Starting up

This guide will show you how to quickly configure and run your own crawler.

Step 1. Enviroment Configuration

Before you begin using SmartCrawler you will need to define the SMARTCRAWLER_HOME environment variable which is the directory where you just unpacked the install archive.

You will also need to add $SMARTCRAWLER_HOME/bin to your path so that you can run SmartCrawler from every path on your filesystem.

To do this under Windows 2000 and Windows XP, open the Control Panel, and open the System panel. Under the Advanced tab, select the Environment Variables button. Create the new user variable SMARTCRAWLER_HOME to add the SmartCrawler path and after that create (or edit it if it exists) the variable PATH to add %SMARTCRAWLER_HOME%\bin (eg. PATH=%PATH%;%SMARTCRAWLER_HOME%\bin).
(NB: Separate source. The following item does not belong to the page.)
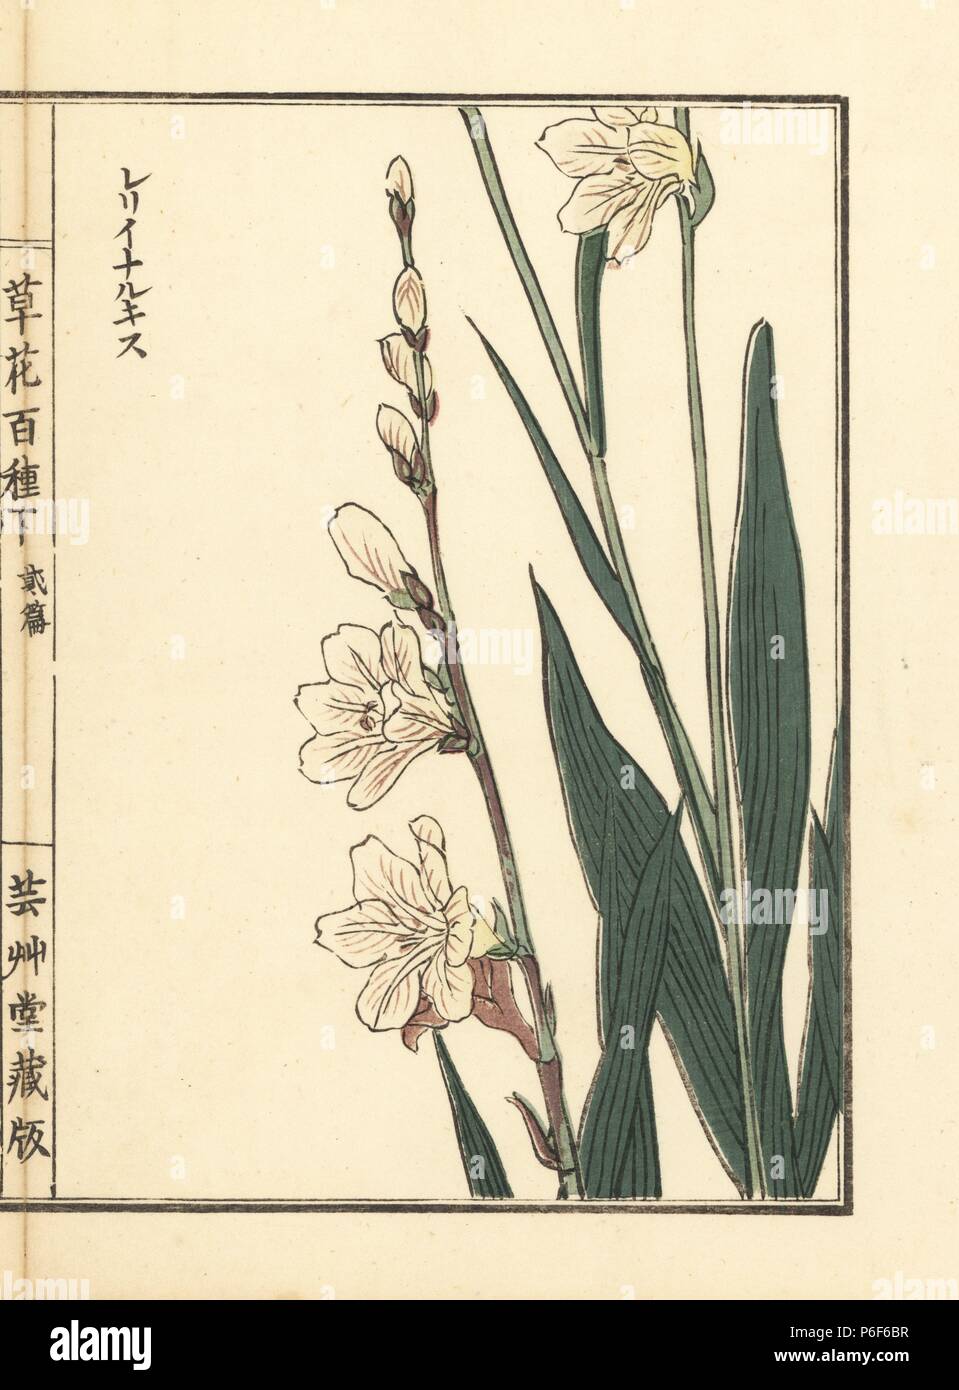 Rerii narukisu or daffodil variety, Narcissus species. Handcoloured woodblock print by Kono Bairei from Kusa Bana Hyakushu (One Hundred Varieties of Flowers), Tokyo, Yamada, 1901. Stock Photo
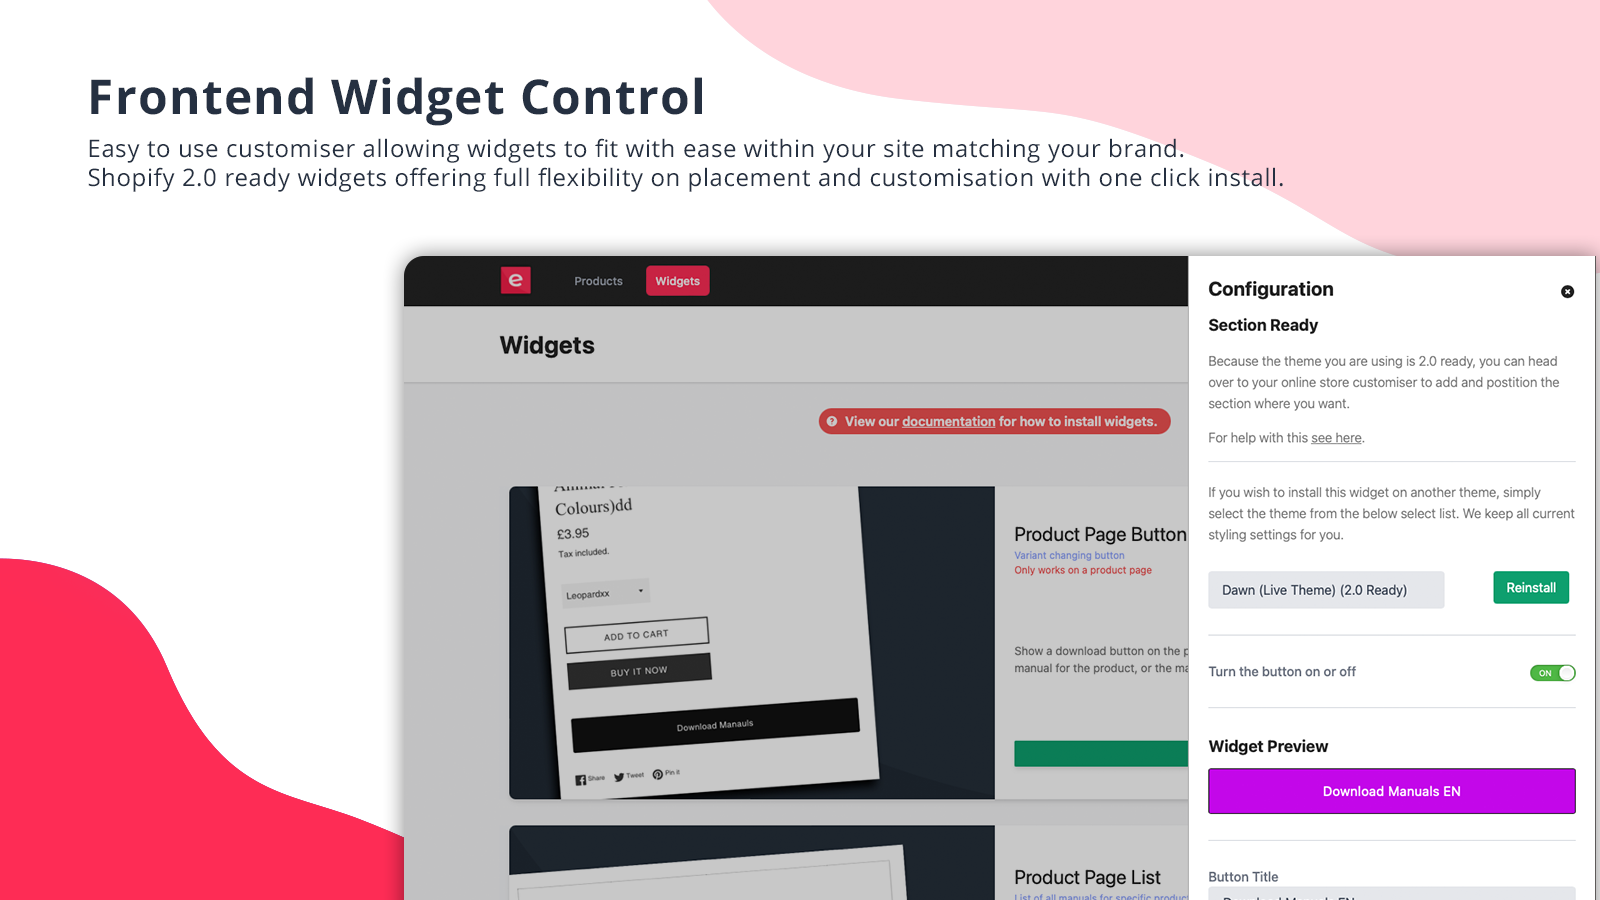 Widget Page & Widget Configurator Sidebar

Step 2. Crawling method Configuration

A crawler needs to be configured. A good starting point is the default configuration file smartcrawler-config.xml (you can find it in $SMARTCRAWLER_HOME/bin/conf):

<?xml version="1.0" encoding="UTF-8"?>
<smartcrawler>

<engine>
    <threadsNumber>5</threadsNumber>
</engine>

<loggers>
    <logger type="TRACER" active="no"/>
    <logger type="ACCESS" active="no"/>
    <logger type="LINK" active="no"/>
    <logger type="PERMISSIONS" active="no"/>
    <logger type="EXTRACTOR" active="no"/>
    <logger type="CONSOLE" active="yes"/>
    <logger type="PERSISTER" active="no"/>
    <logger type="PROVIDER" active="no"/>
</loggers>

<retriever>
    <class>org.smartcrawler.retriever.MultiThreadHttpCallRetriever</class>
    <filters>
        <filter>
            <name>DefaultLinkFilter</name>
            <class>org.smartcrawler.filter.DefaultLinkFilter</class>
            <priority>1</priority>
        </filter>
    </filters>
</retriever>
    
<persister>
    <class>org.smartcrawler.persistence.FileSystemPersister</class>
    <persister-params>
        <persister-param>
            <param-name>preservePath</param-name>
            <param-value>true</param-value>
        </persister-param>
        <persister-param>
            <param-name>rootDir</param-name>
            <param-value>.</param-value>
        </persister-param>
    </persister-params>
</persister>
    

</smartcrawler>

Step 3. Running the Crawler

If you want perform a standard and simple crawling (using the default configuration) you can launch SmartCrawler just typing:

smartcrawler.bat startingUrl

Where startingUrl is the valid http URL from which the Crawler will begin fetching the contents.

Otherwise if you just want perform a custom crawling (using your own configuration) you must launch SmartCrawler typing:

smartcrawler.bat startingUrl myConfigFile

Where startingUrl is the valid http URL from which the Crawler will begin fetching the contents and myConfigFile is your custom xml configuration file.